_Given information_
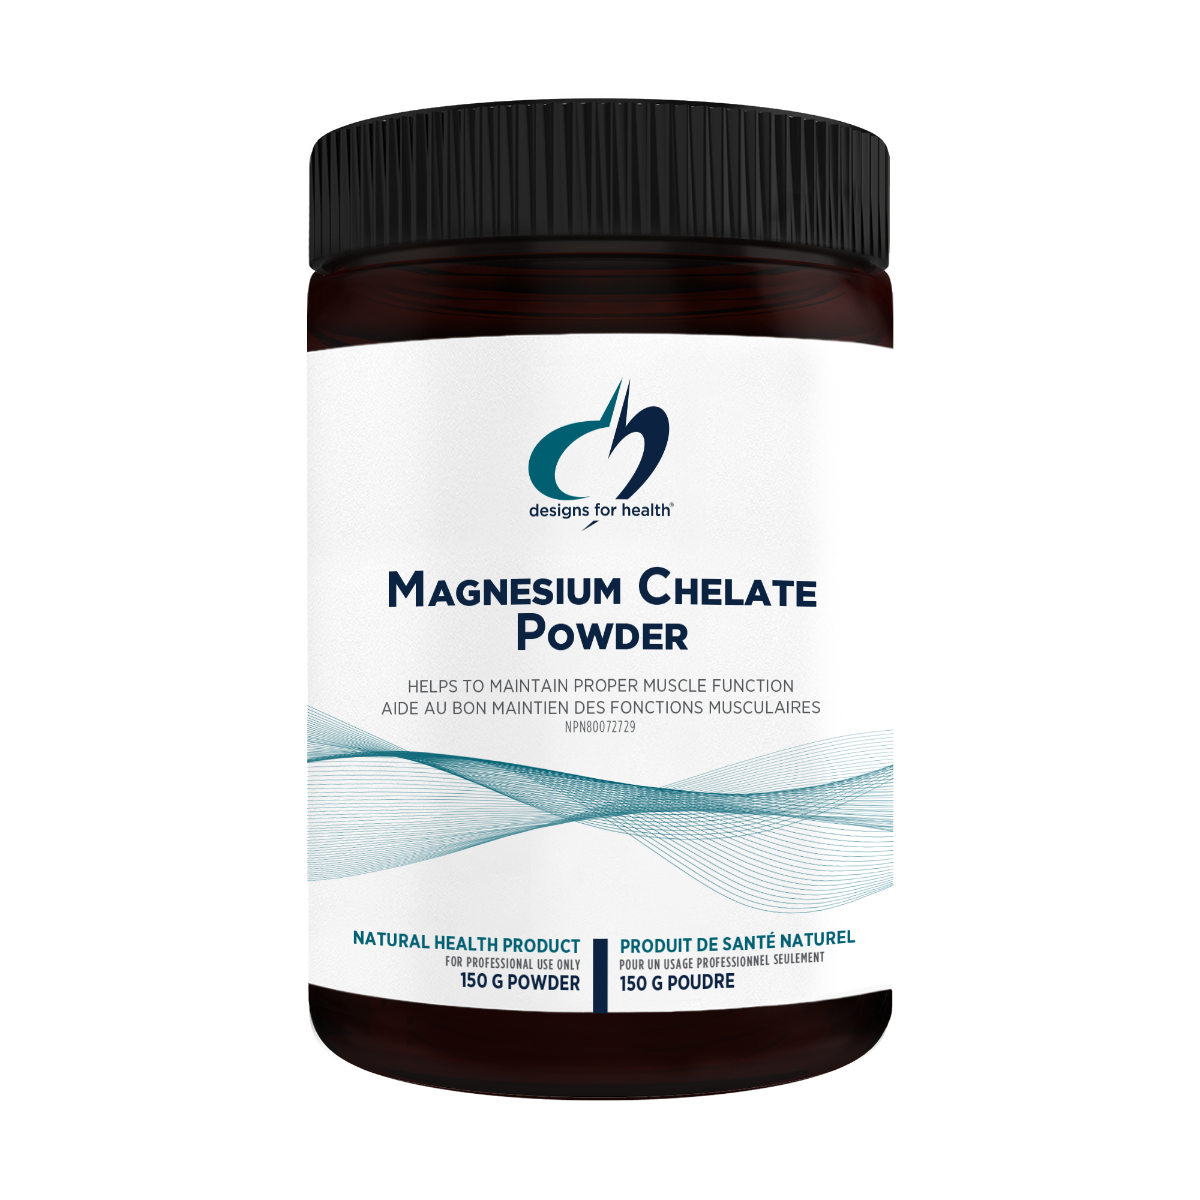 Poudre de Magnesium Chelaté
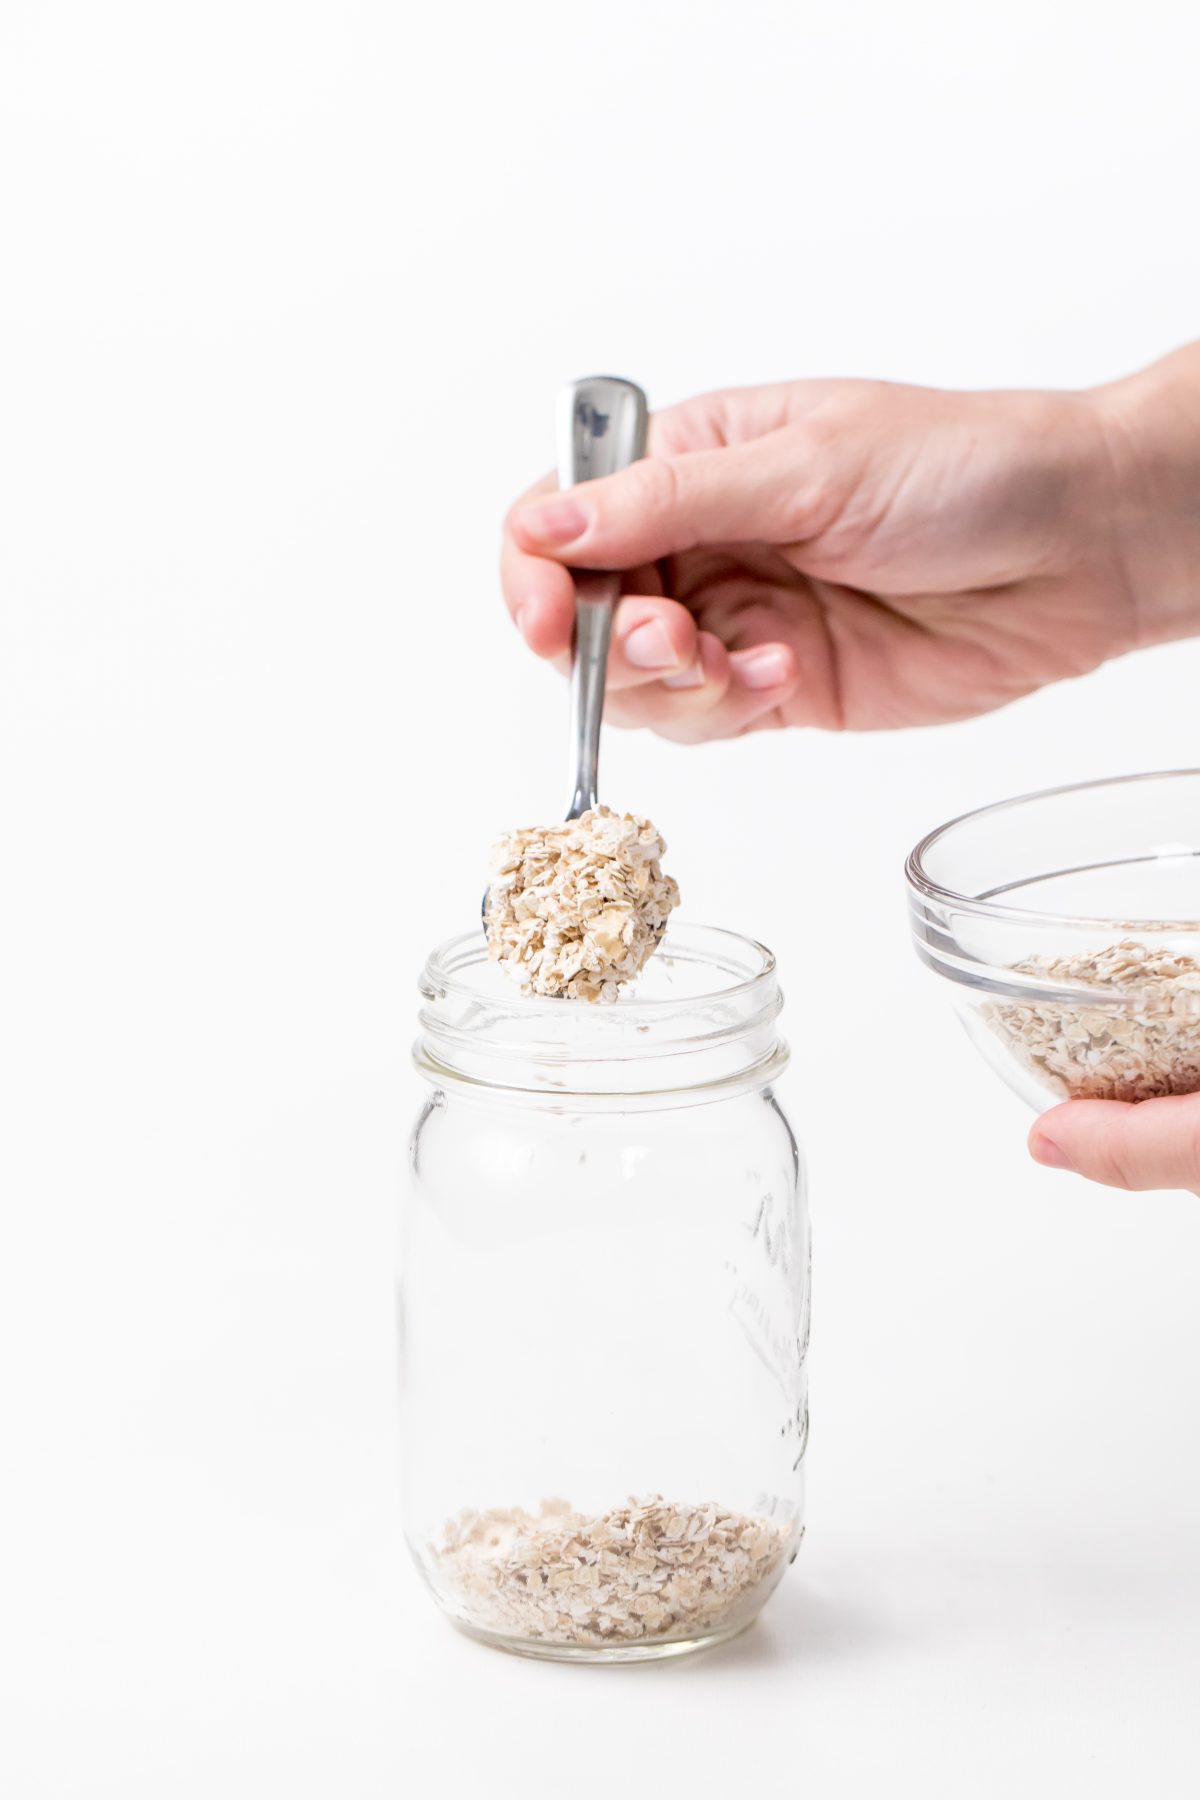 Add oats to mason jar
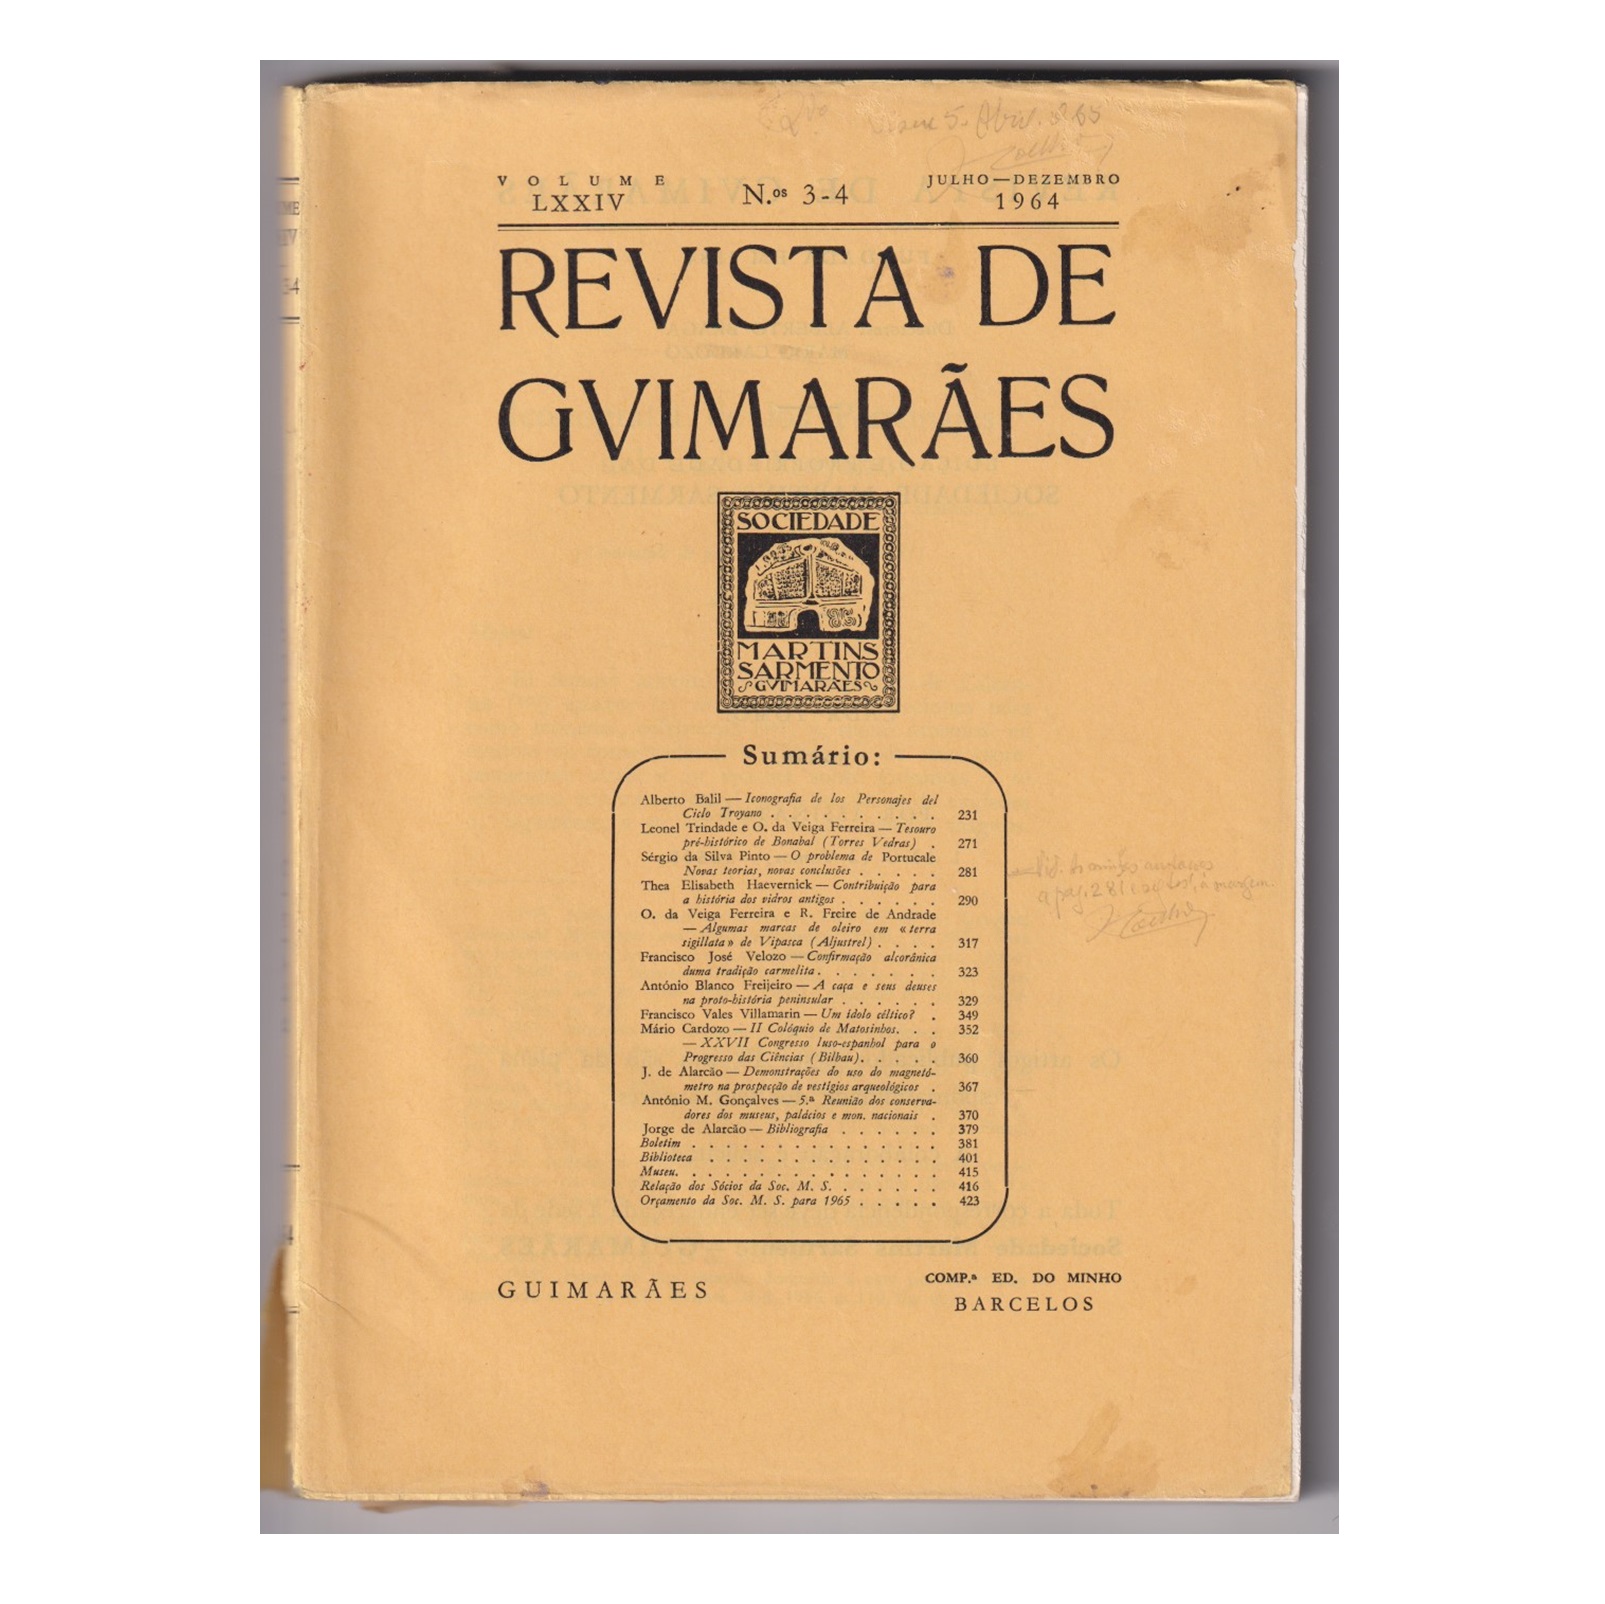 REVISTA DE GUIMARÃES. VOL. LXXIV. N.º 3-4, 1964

_Task objective_
Print the listing again exactly, please. Keep the pictures out of it.

_Answer box_
 Poudre de Magnesium Chelaté
 Add oats to mason jar
 REVISTA DE GUIMARÃES. VOL. LXXIV. N.º 3-4, 1964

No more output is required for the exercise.